(Beginning of Raw data)

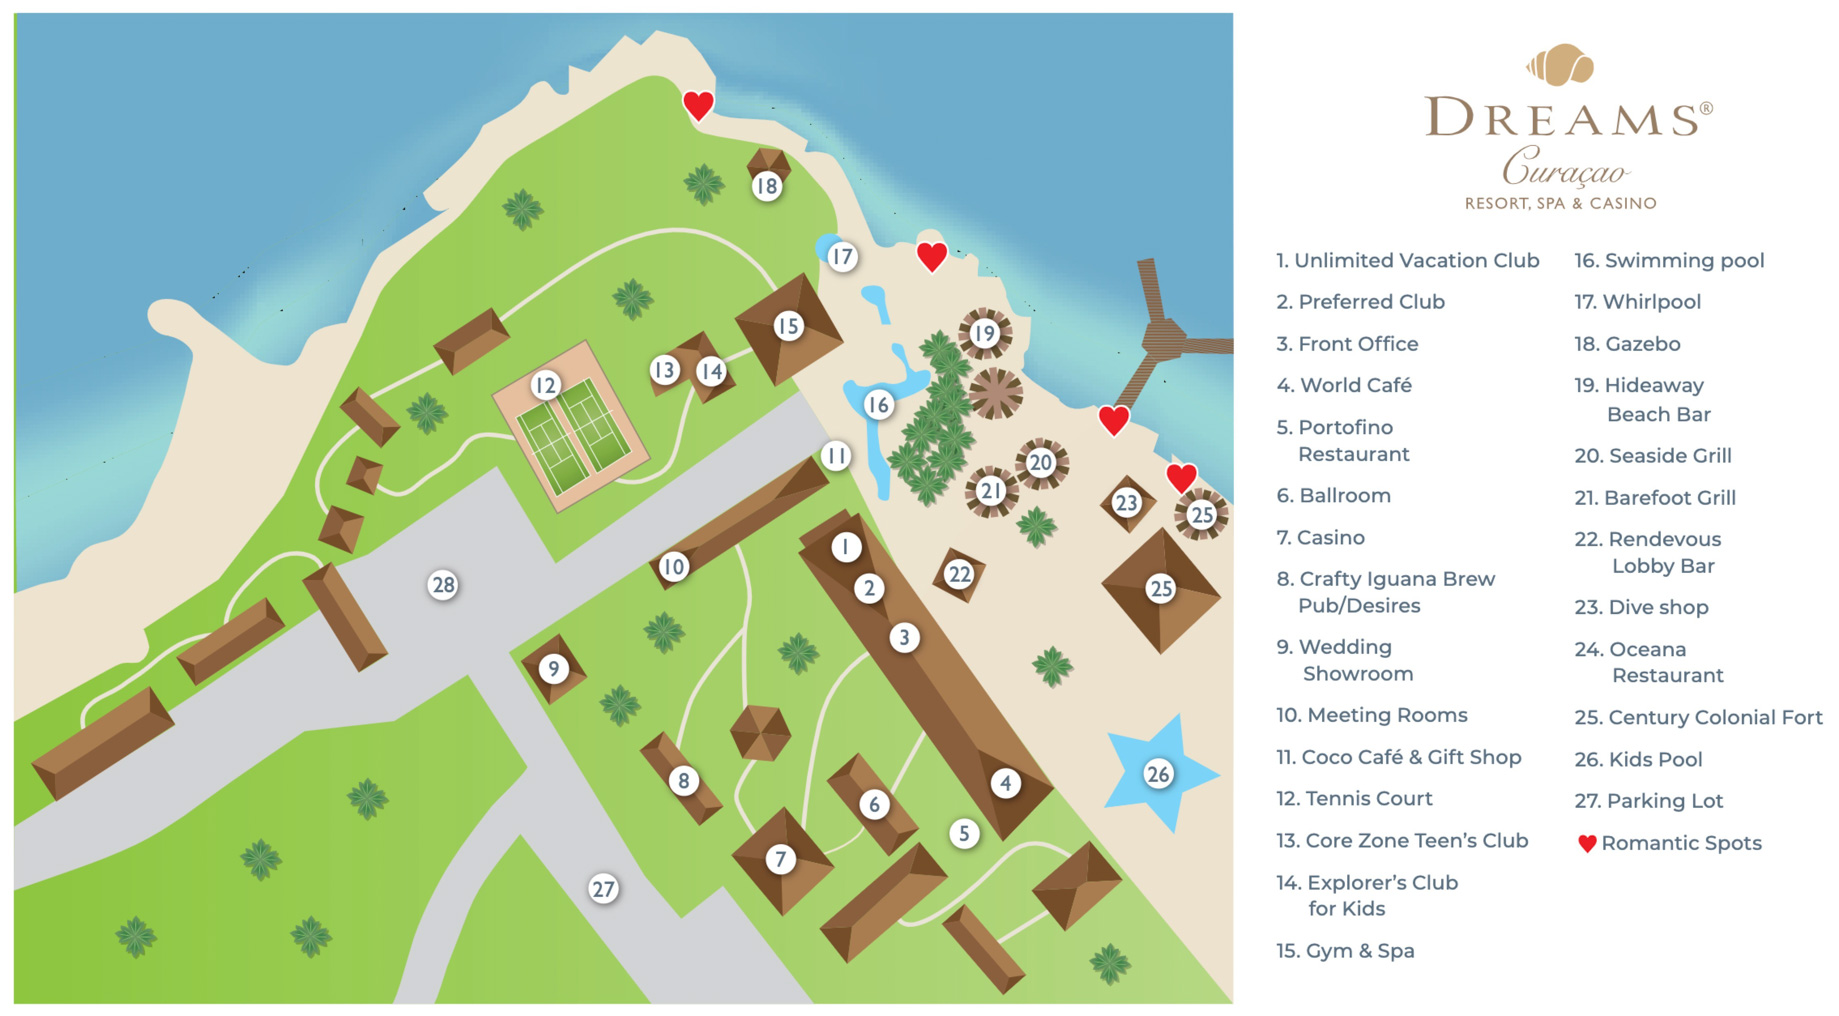 Dreams Curaçao Resort, Spa & Casino - Willemstad, Curaçao - Resort Map
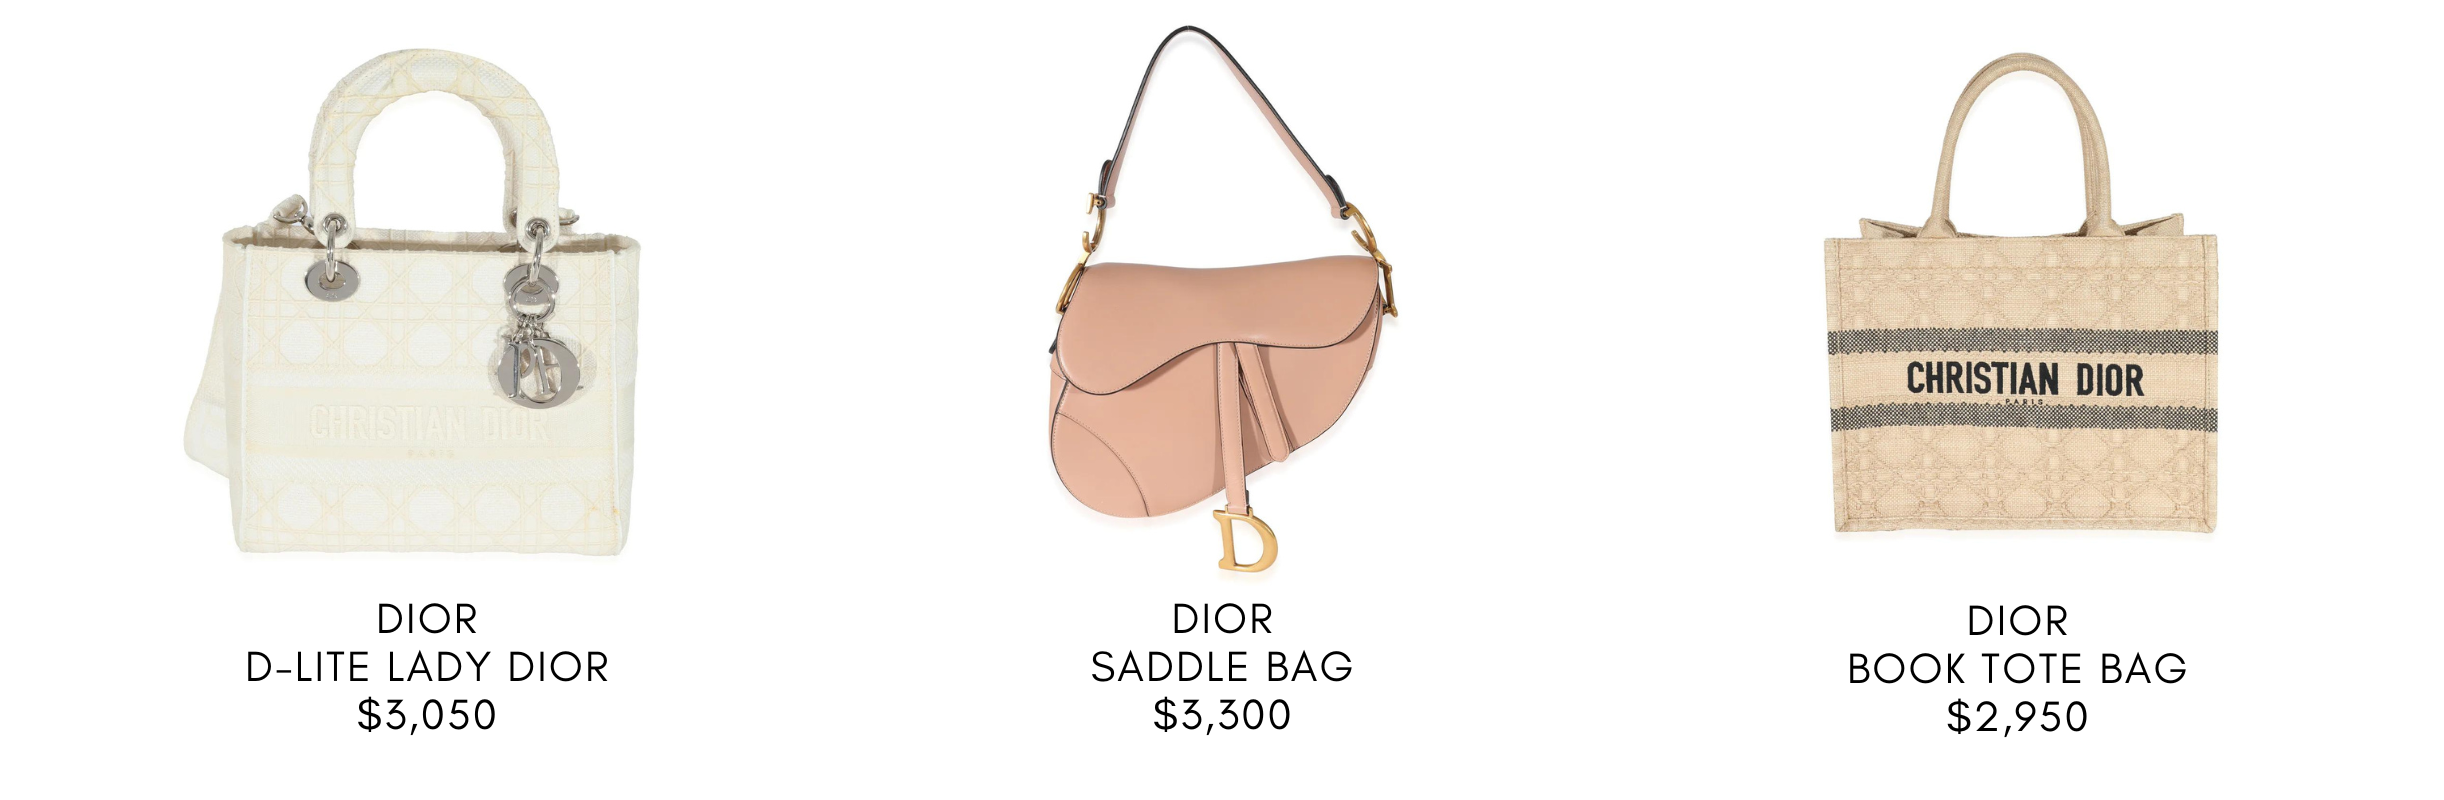 Buy Dior bag
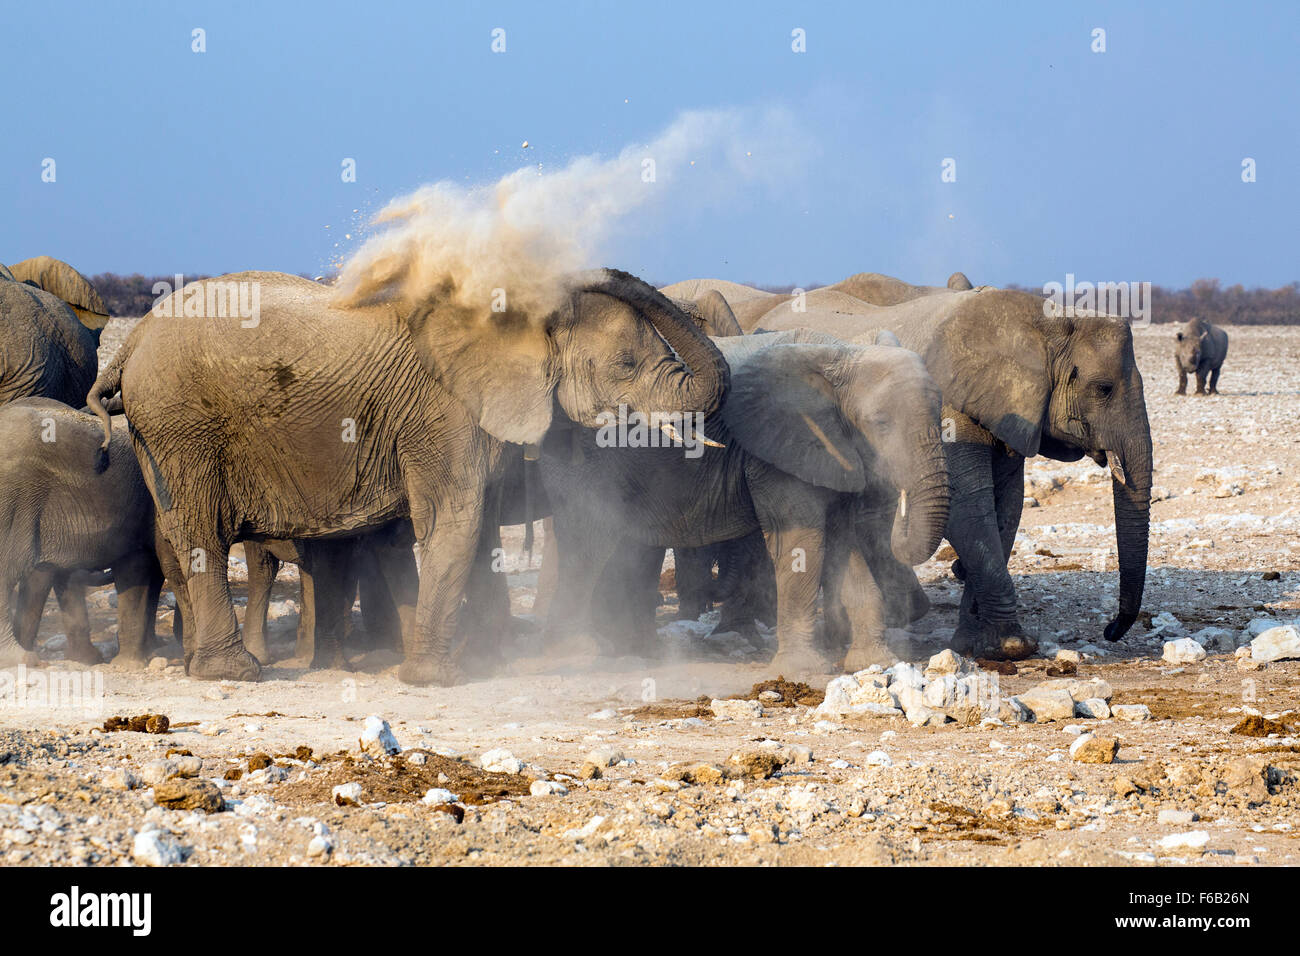 Les éléphants de savane de l'Afrique de l'époussetage, Etosha National Park, Namibie, Afrique Banque D'Images
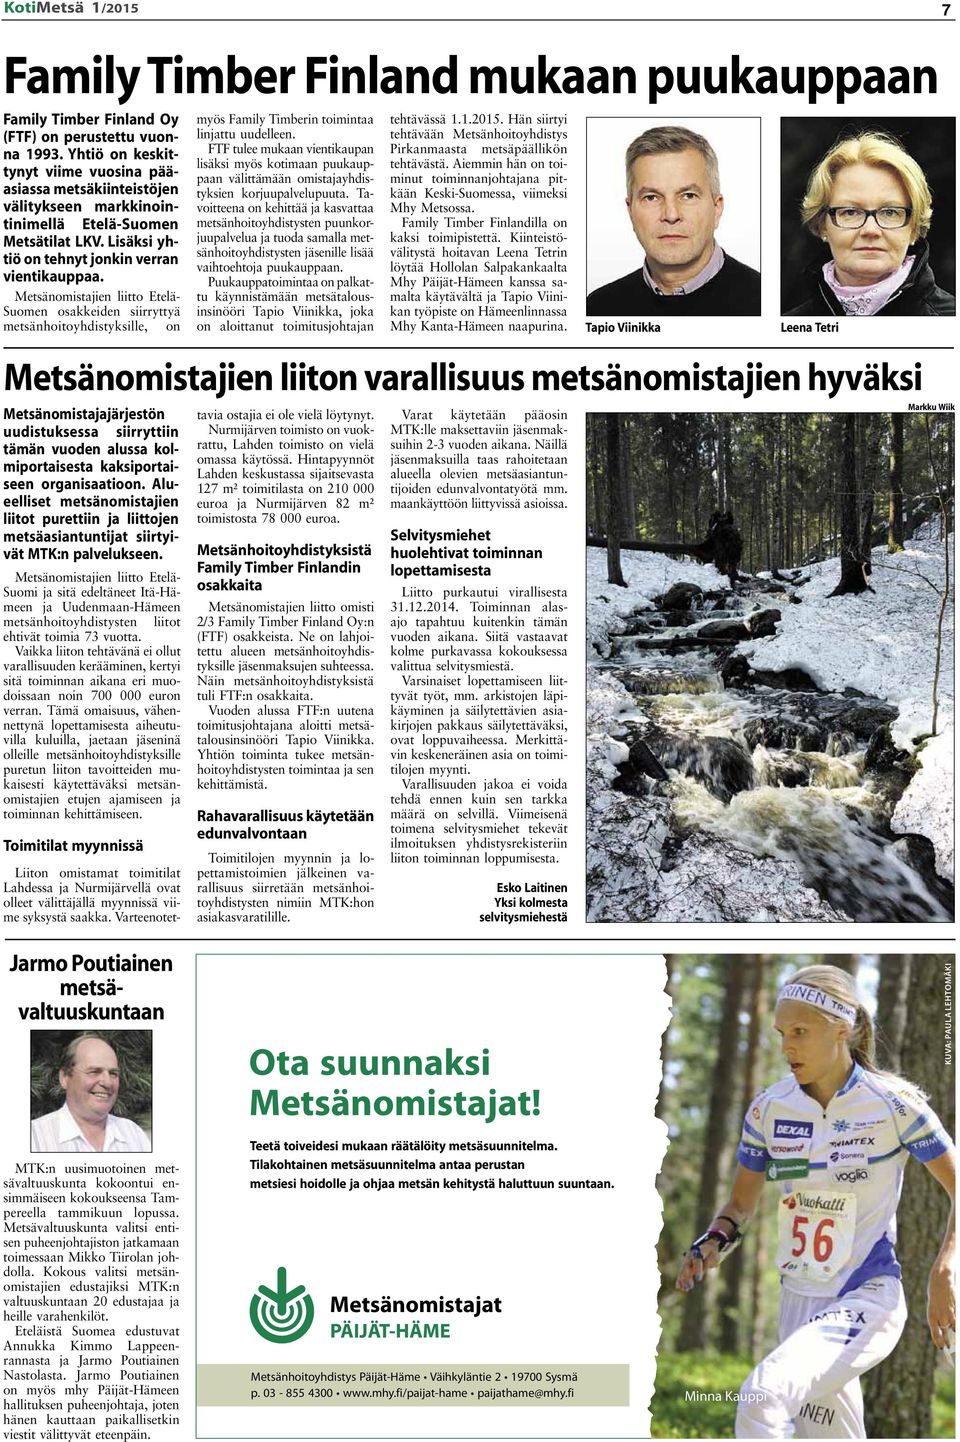 Metsänomistajien liitto Etelä- Suomen osakkeiden siirryttyä metsänhoitoyhdistyksille, on Metsänomistajajärjestön uudistuksessa siirryttiin tämän vuoden alussa kolmiportaisesta kaksiportaiseen
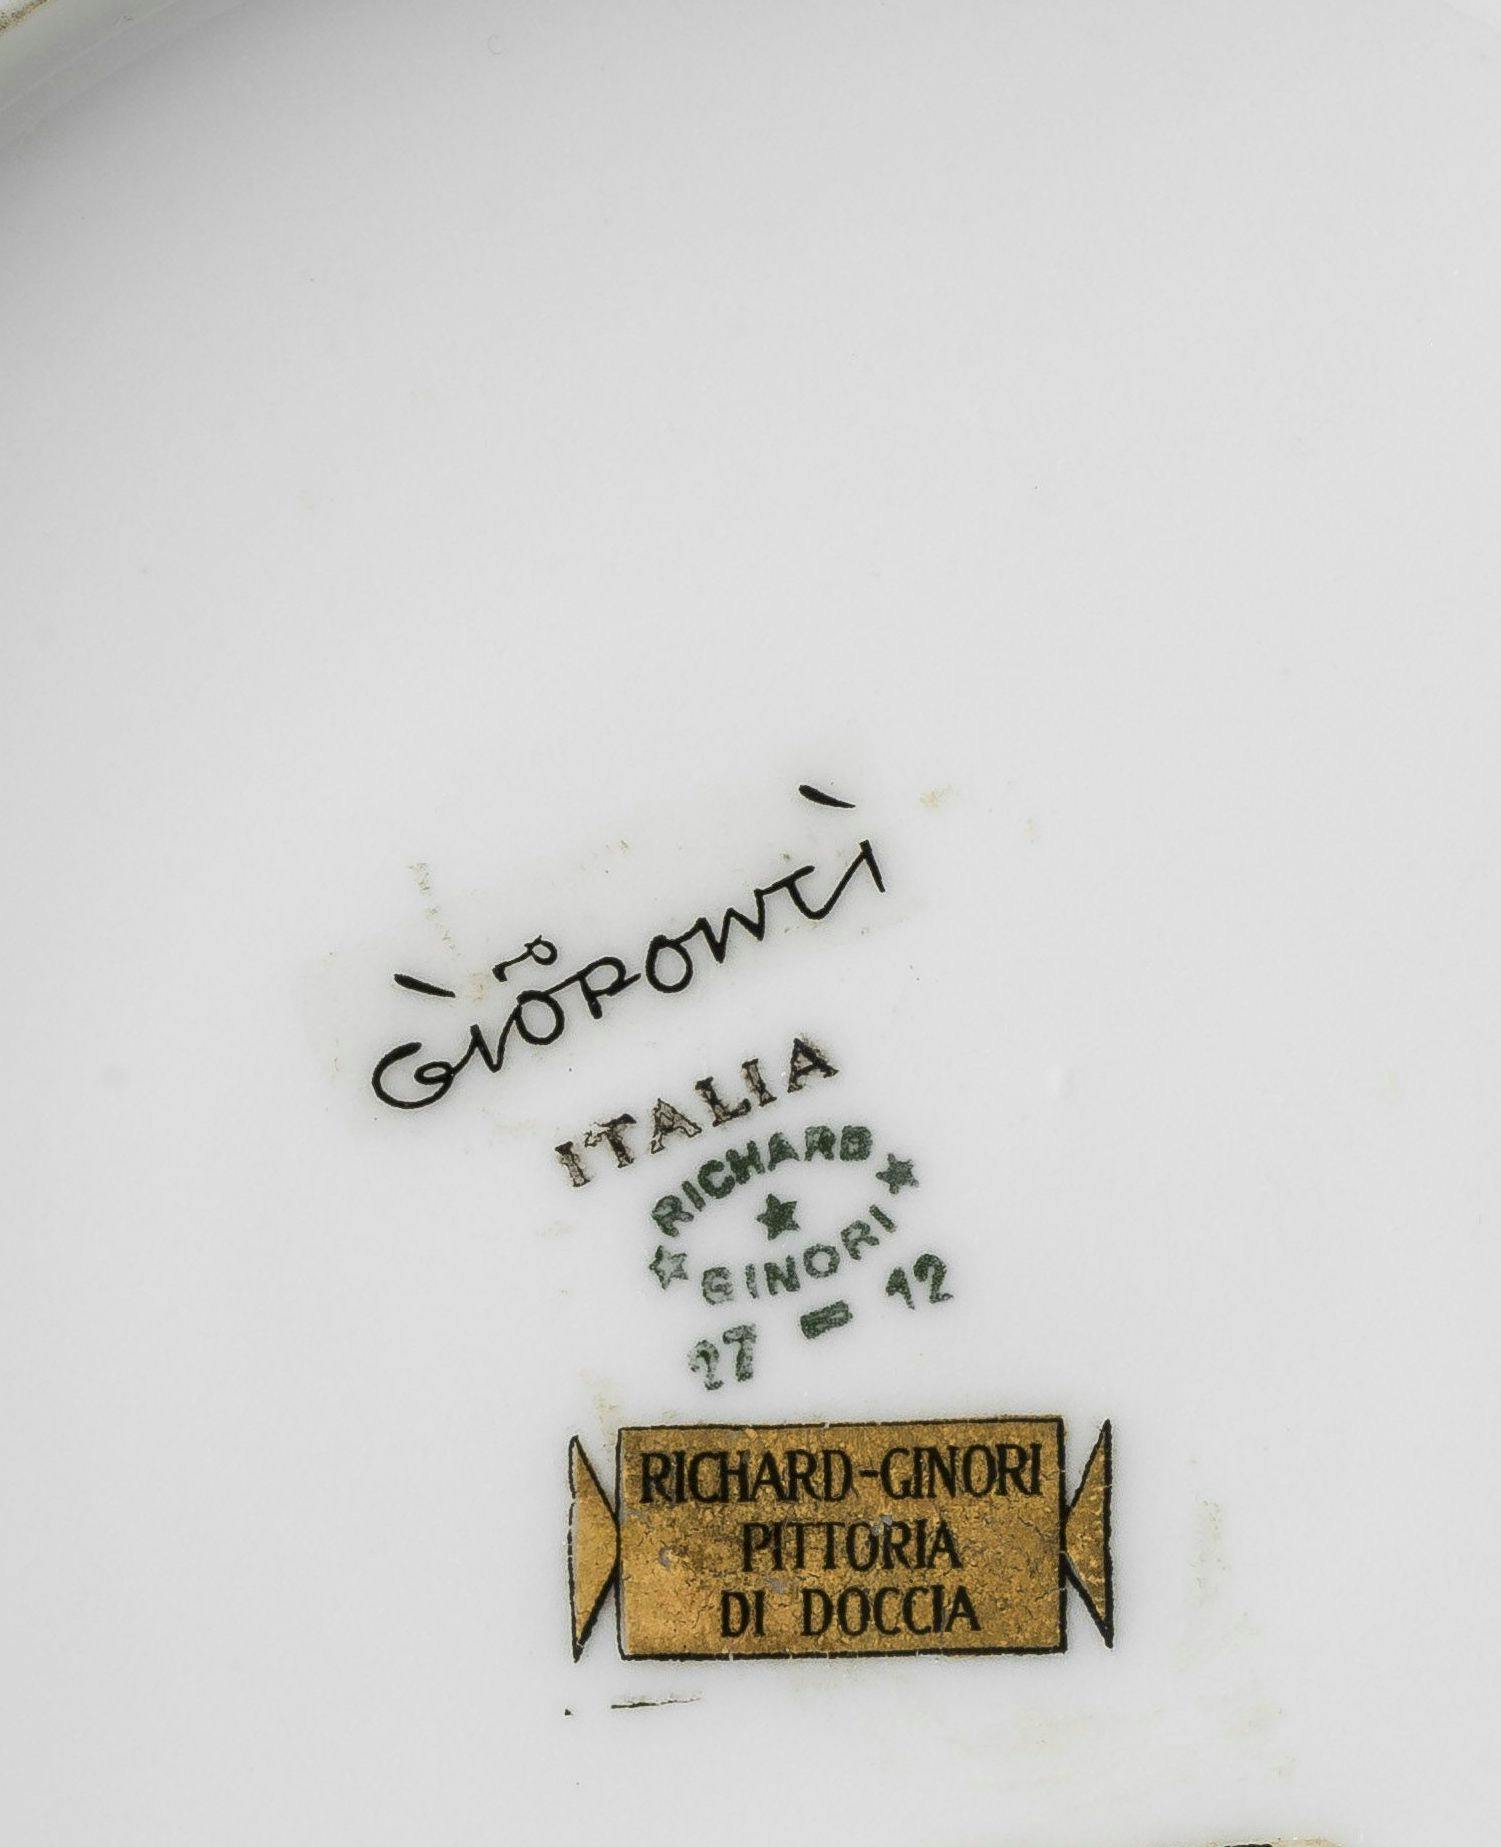 scritta Gio Ponti in nero, timbro Richard Ginori in verde, cartella dorata

(End of Raw data)

> _Try it_
An exact restatement is expected of the lines from the line containing "Metsänomistajien liitto Etelä- Suomen" to the end of the data above, pictures excluded.

> _Answer box_
 Metsänomistajien liitto Etelä- Suomen osakkeiden siirryttyä metsänhoitoyhdistyksille, on Metsänomistajajärjestön uudistuksessa siirryttiin tämän vuoden alussa kolmiportaisesta kaksiportaiseen
 scritta Gio Ponti in nero, timbro Richard Ginori in verde, cartella dorata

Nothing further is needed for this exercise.